-- Material for this exercise --
.....
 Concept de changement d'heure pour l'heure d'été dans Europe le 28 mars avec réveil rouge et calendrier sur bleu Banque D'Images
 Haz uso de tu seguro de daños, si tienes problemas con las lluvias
.....
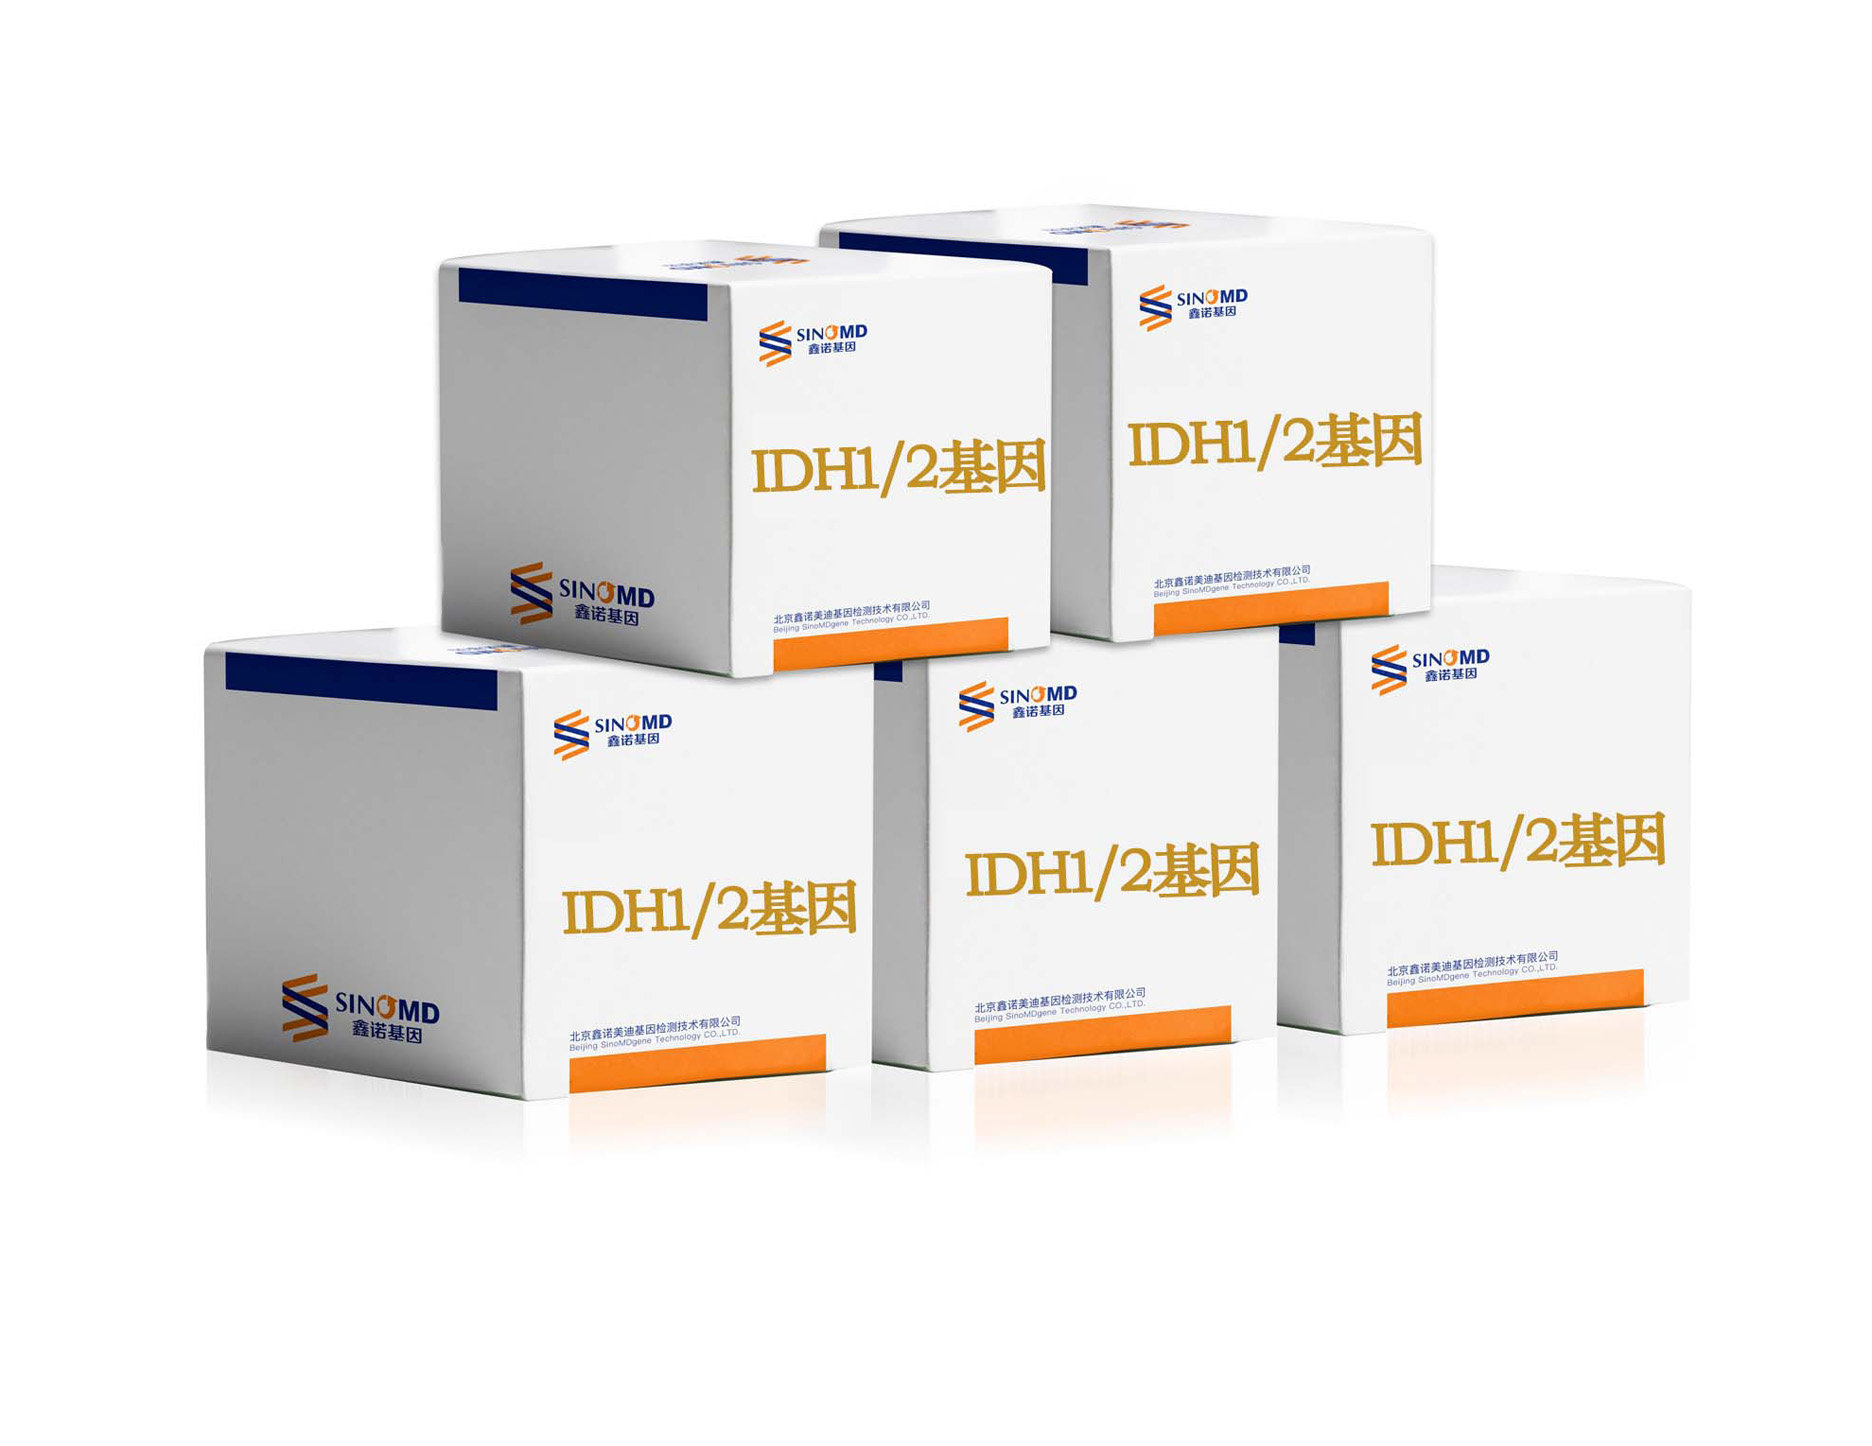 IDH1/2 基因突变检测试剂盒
.....
-- Action item --
Look above for the line containing "Concept de changement". Output from there through the line containing "Haz uso de tu", exactly and inclusively.

-- Answer --
 Concept de changement d'heure pour l'heure d'été dans Europe le 28 mars avec réveil rouge et calendrier sur bleu Banque D'Images
 Haz uso de tu seguro de daños, si tienes problemas con las lluvias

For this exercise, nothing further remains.